Quella è capace di farmi piombare un fulmine in testa”.
Quella stessa mattina aveva seguito le lezioni attentamente, prendendo appunti e senza distrarsi. Dacre, normalmente seduto di fianco a lui, aveva preso posto tra le ultime file. Quando i loro sguardi si erano per un attimo incrociati durante un quarto d'ora accademico, Kunibert aveva tentato di raggiungere l'amico, ma Dacre si era defilato con un sorriso tirato sulle labbra. Il ragazzo dai capelli argentati avrebbe voluto seguirlo, bloccarlo e obbligarlo a sputare il rospo, a chiedergli cosa ci fosse che non andava, ma sotto sotto lo sapeva benissimo: era cambiato. Kunibert non era più “Kunibert lo studente di Scienze Politiche”, ma “Kunzite il Comandante dei Quattro Generali Celesti”.

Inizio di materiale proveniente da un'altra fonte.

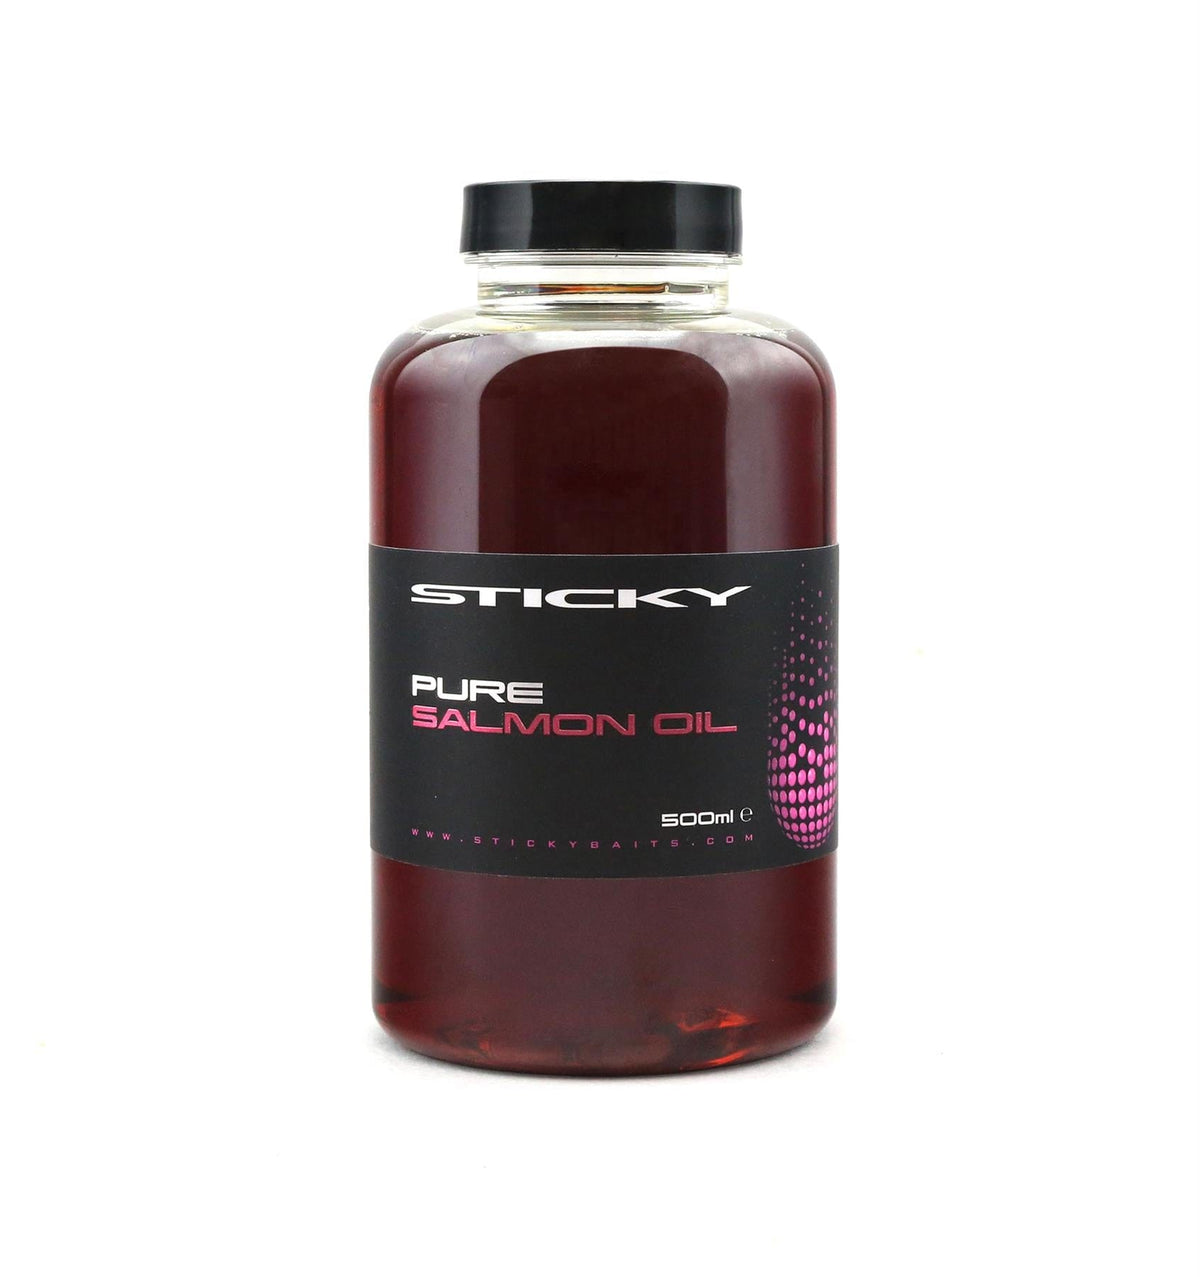 Sticky Baits Pure Oil - 500ml

Il tardo pomeriggio, volato in un attimo, l'aveva trascorso al negozio di Mackenzie. Lei lo pagava, e a Kunibert qualche soldo in più non dispiaceva per niente. Con un certo fastidio si era accorto di non saper gestire una vendita senza l'aiuto di Mackenzie. Non sapeva assolutamente niente riguardo piante, fiori, concimi, fioriture, potature... Niente di niente.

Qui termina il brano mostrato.